After much delay, the landmark Lokpal Bill was on Tuesday passed by the Rajya Sabha, marking a step closer to enactment of a new law under which an anti-corruption ombudsman would be set up.
The Lokpal and Lokayuktas Bill, 2011, which has been pending in the House for the last two years, was approved by voice vote after a five-hour debate.
Samajwadi Party, which was strongly opposed to such a measure, boycotted the House proceedings after staging a walkout as soon as the debate began Tuesday morning.
The proposed law, aimed at dealing with the menace of corruption, will bring under its purview the prime minister with certain safeguards and other public servants.
The bill, which was already passed by the Lok Sabha in December 2011, will now be considered by the Lower House afresh on Wednesday as it has undergone a number of official amendments.
The bill was brought back to the Upper House after being considered by the Parliamentary Select Committee which recommended several amendments to make it widely acceptable among political parties.
Among the amendments accepted by the government are delinking of the mandatory creation of Lokayuktas by the state governments, one of the provisions which had stalled the passage of the bill in December 2011.
Replying to the debate, Law Minister Kapil Sibal said it was a "historic" day and hoped that all states would pass similar legislations to set up Lokayuktas modelled on this bill.
"The Centre can't give directions to the states," he said, allaying apprehensions that the Union government was dictating.
Sibal, who had initiated discussion on the issue, said the law alone would not eliminate corruption but it could help deal with those who are corrupt.
On the issue of bringing the prime minister under the purview of the new law, he said the overall consensus was in this favour although there were some "discordant individual views" disfavouring it.
Government accepted all but three recommendations of the Select Committee.
The accepted recommendations included not transferring a CBI official investigating a case referred by the Lokpal.
The selection process of the Lokpal has also been changed. It now provides for appointment of the Lokpal by a committee comprising the Prime Minister, the Lok Sabha Speaker, Leader in Opposition in Lok Sabha and Chief Justice of India, besides an eminent jurist appointed by the President on their recommendation.
Among the recommendations not accepted by the government was an accused public servant should not be given any chance to present his or her view before initiation of investigation.

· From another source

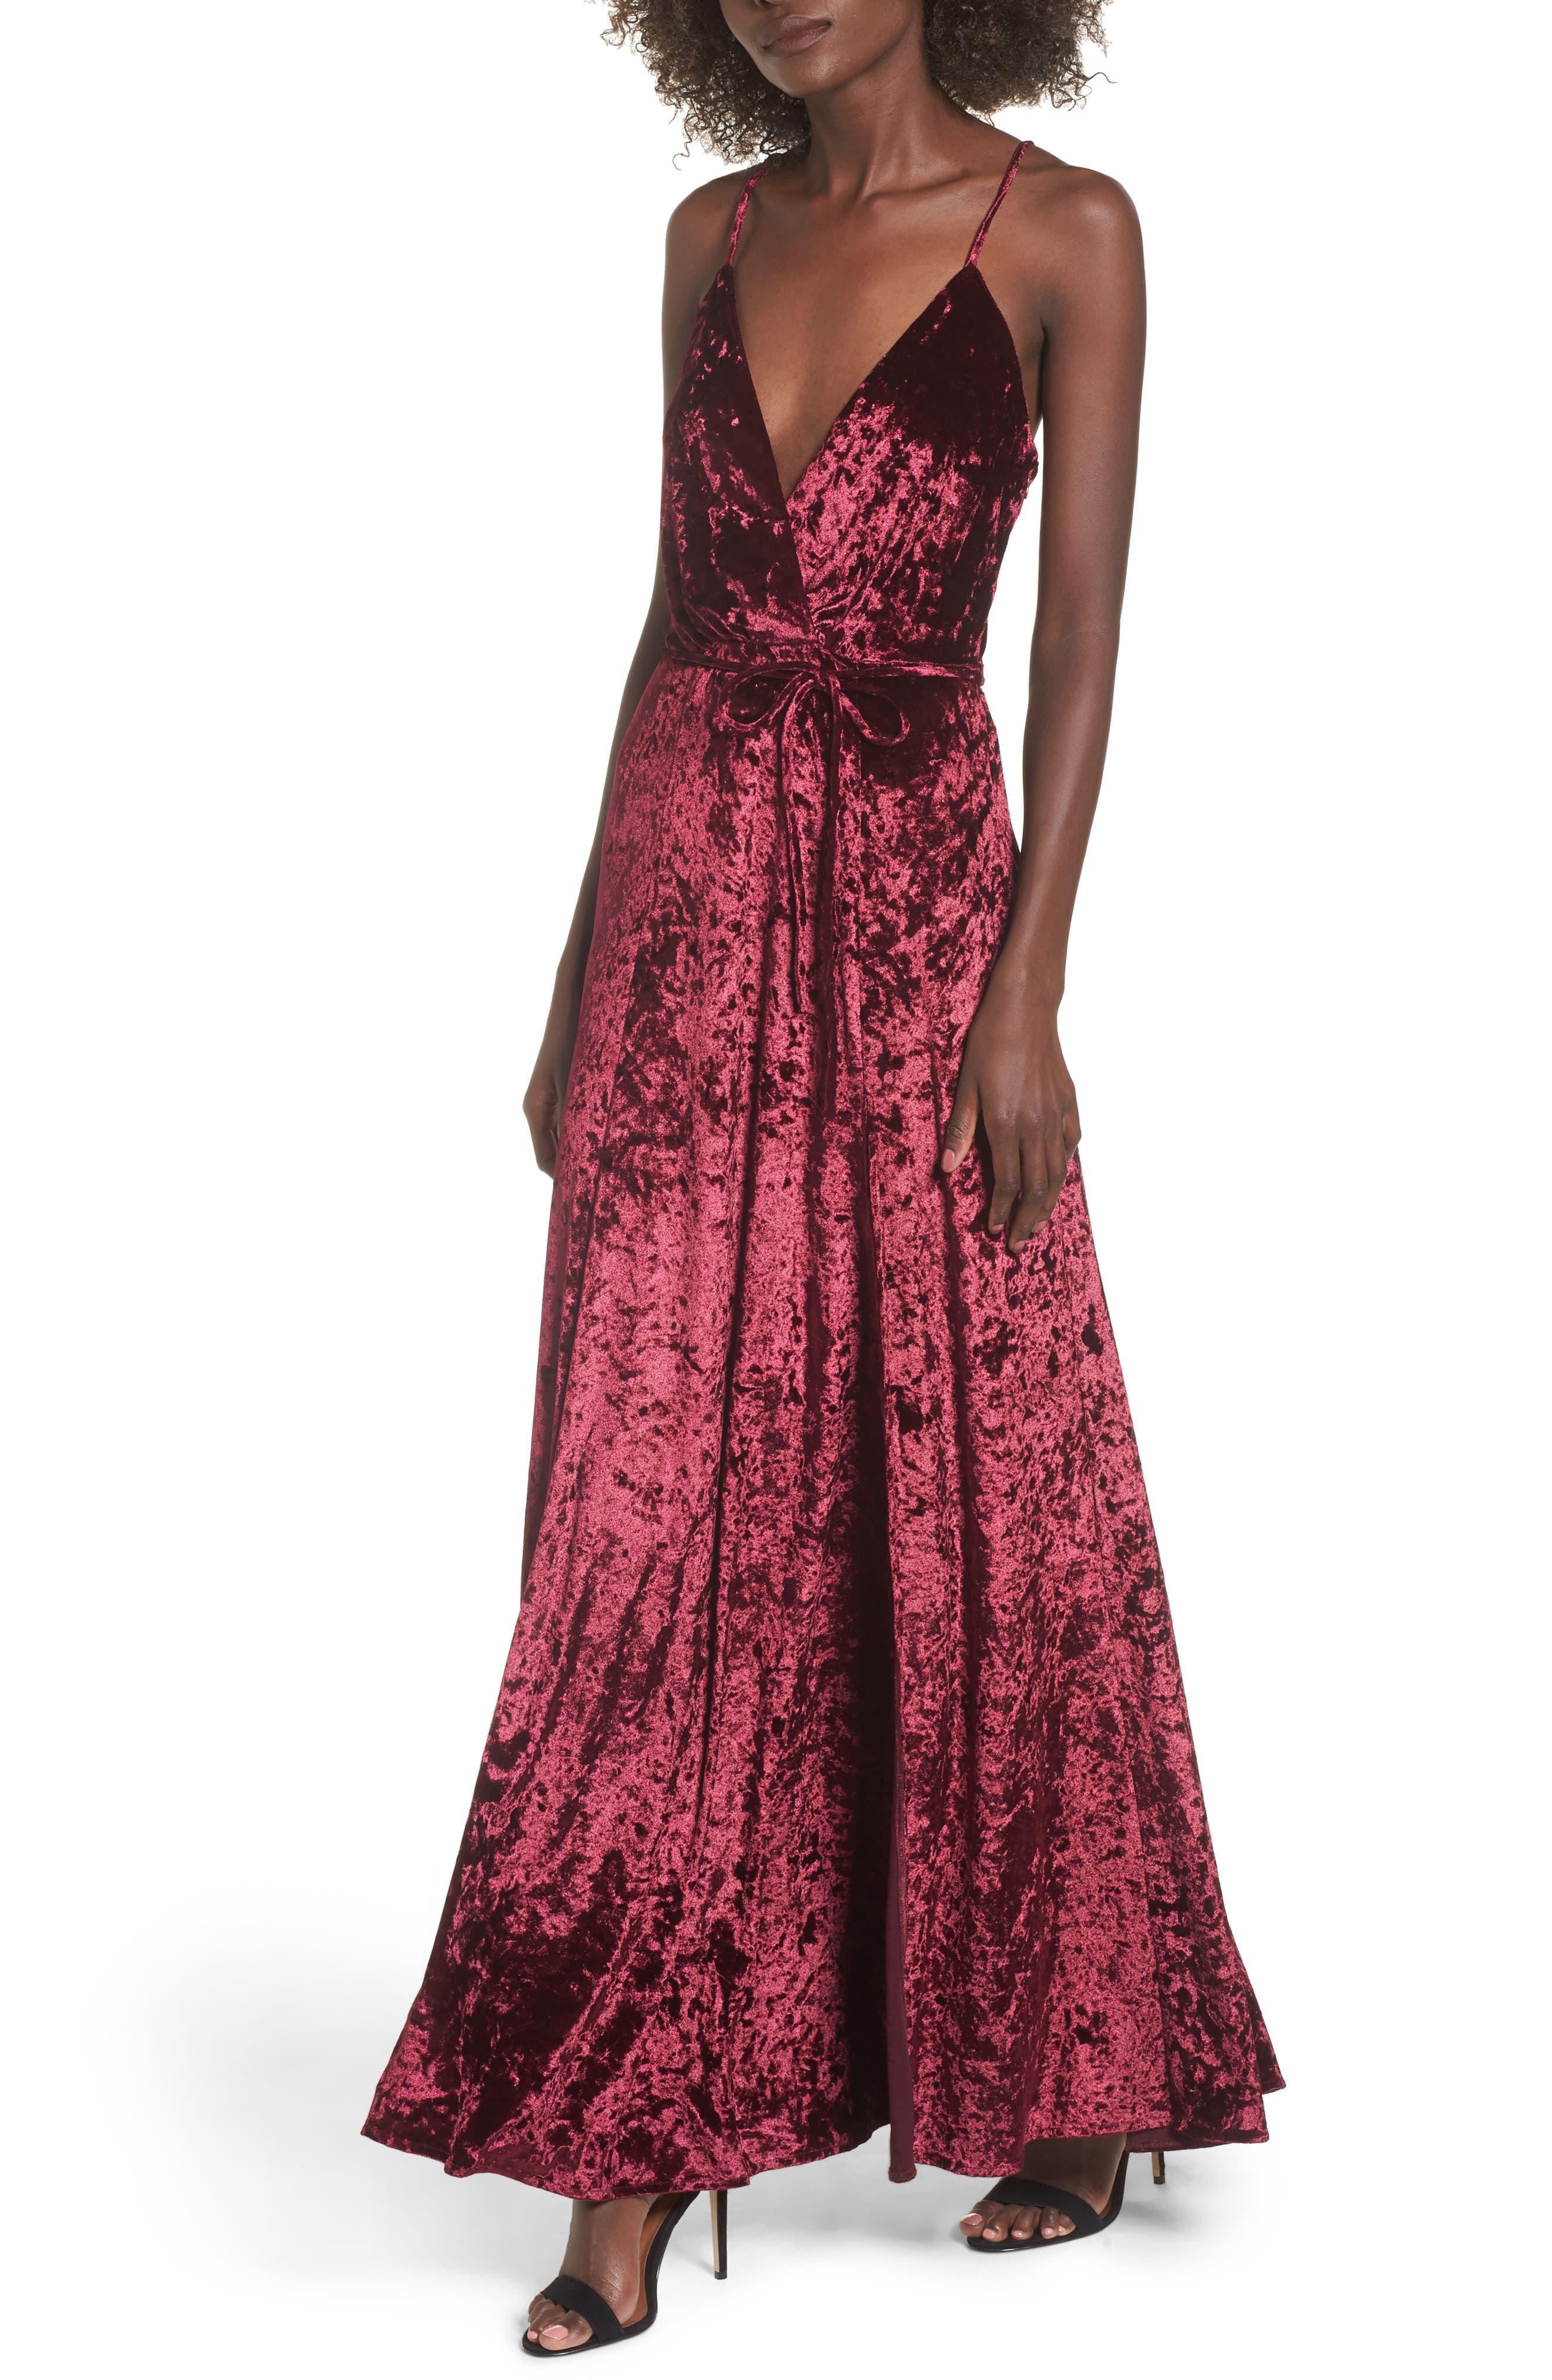 Crenshaw Maxi Dress,                         Main,                         color, Bordeaux

The government said the accused official should be given a chance to be heard before initiation of formal investigation but the "suspense" element would be maintained in case of search and seizure.

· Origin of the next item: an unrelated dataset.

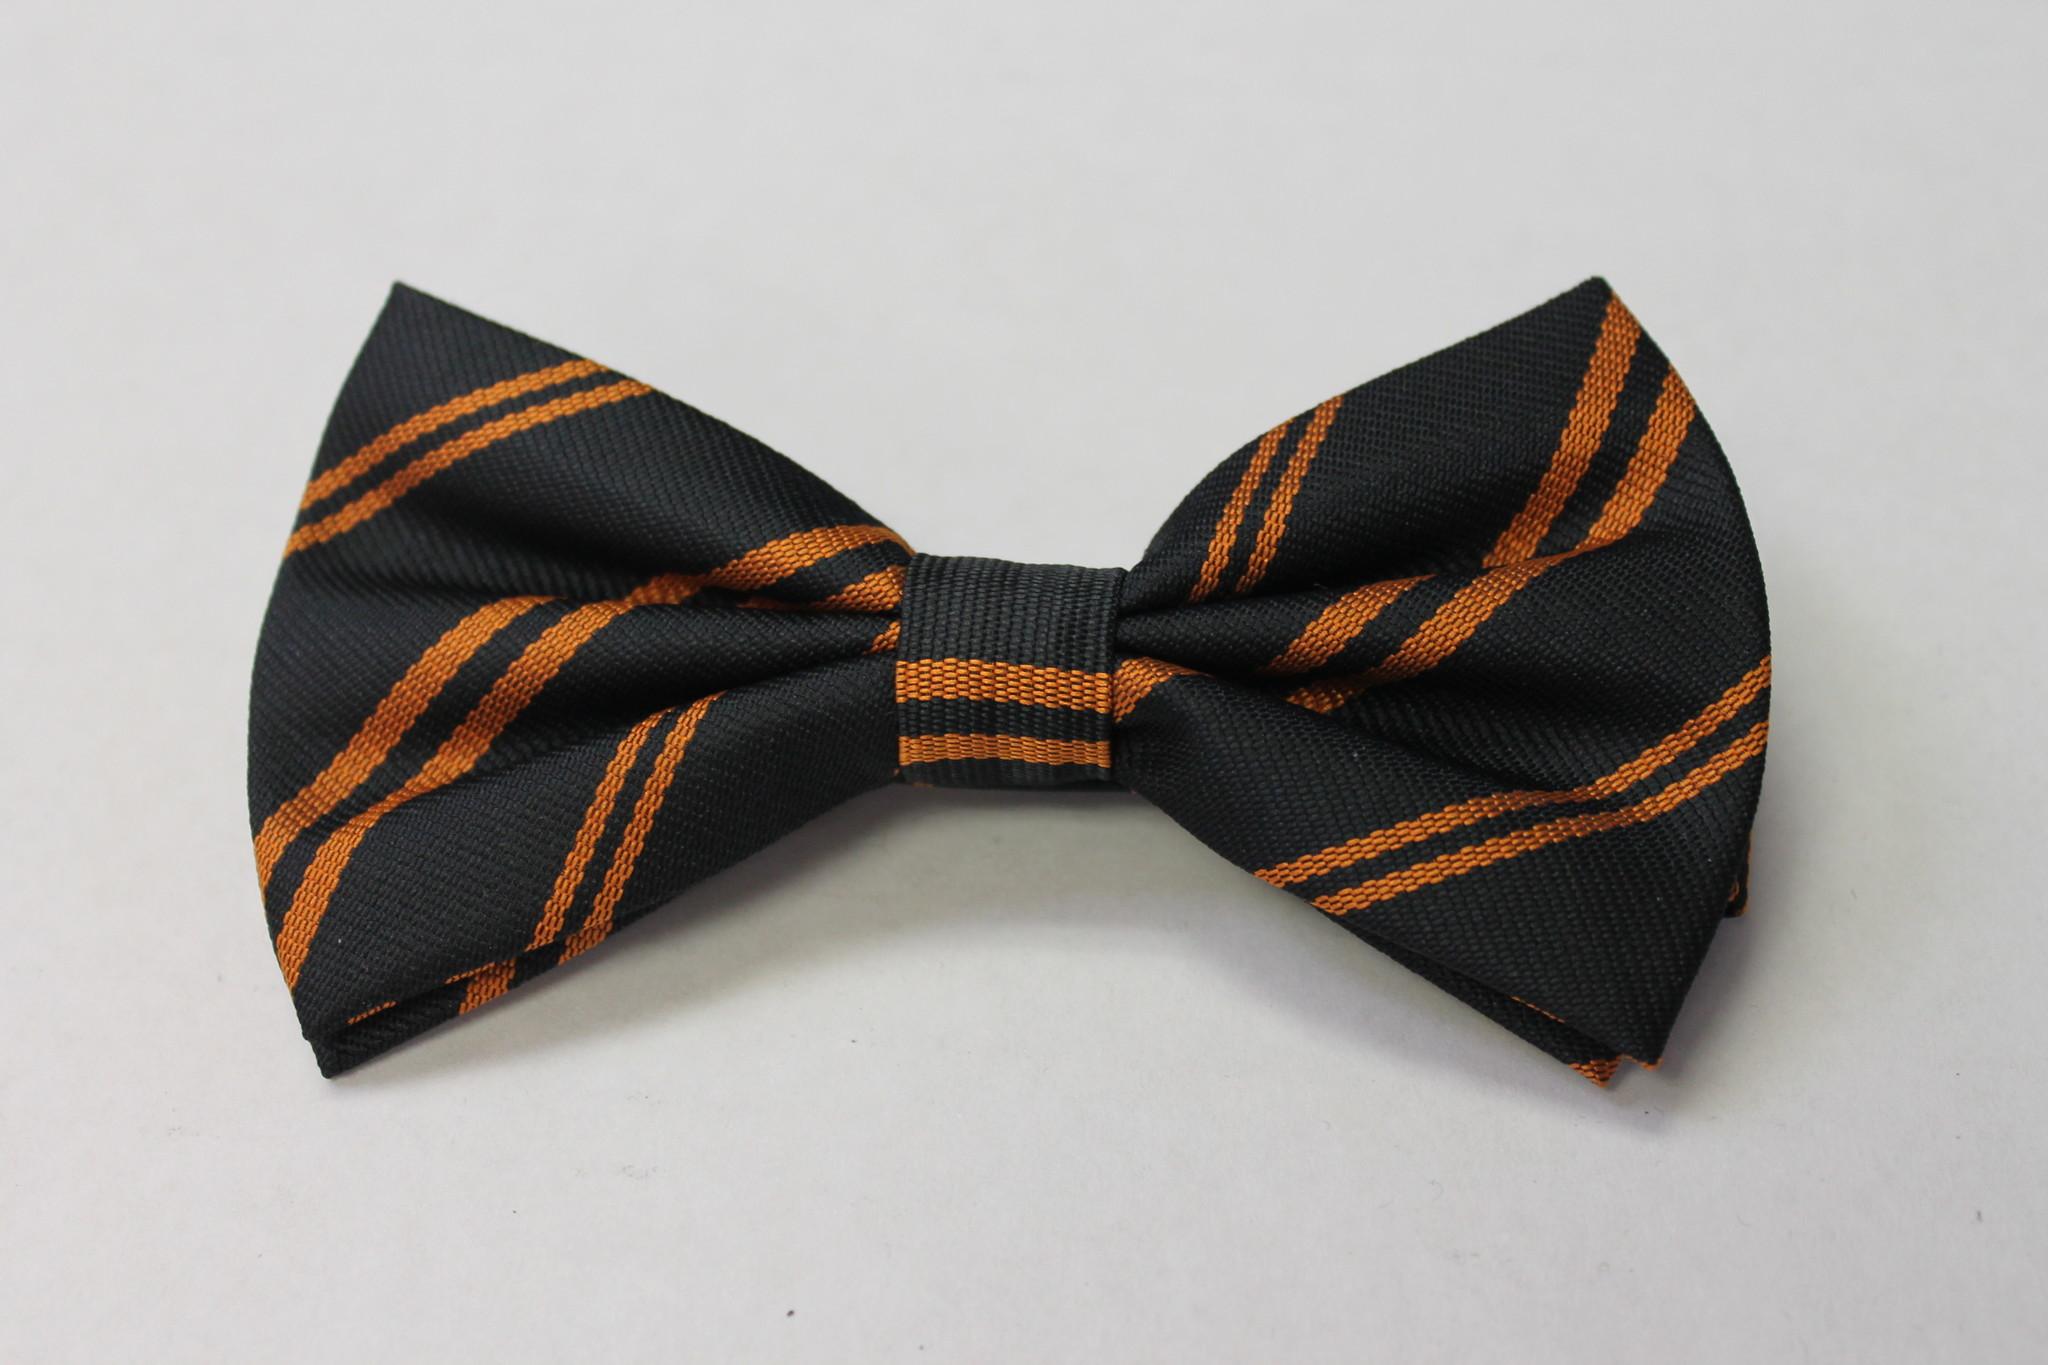 Formal Dress - Upper School Bow Tie

Communist Party of India (Marxist) leader Sitaram Yechury had moved an amendment to bring public-private-partnership projects but it was defeated overwhelmingly by 151 against 19 votes.
The passage of the Bill had become a mere formality as almost all parties, except SP, were in support.
The urgency of pushing the Bill is seen in the context of the drubbing Congress faced in the just-held Delhi assembly polls at the hands of Aam Aadmi Party whose main plank was the enactment of Lokpal.
Sibal sought to allay any apprehension over the new measure, saying there will be no element of government interference in investigation that would be carried out against corruption under the Lokpal.
"I don't think it is time to laugh or snigger... it is time for us to rise to the occasion," said Sibal, who piloted the Bill in place of Minister of State for Personnel V Narayanasamy who could not attend the proceedings because of his wife's illness.
He said the government intended to bring more legislations like Prevention of Corruption Bill to fight corruption and they could be passed if the House functions properly.
Leader of the Opposition Arun Jaitley, while supporting the Bill, said he was happy that the government had accepted all the changes in "this changed environment".
He did not elaborate but was apparently referring to the drubbing Congress faced in the just-held assembly elections.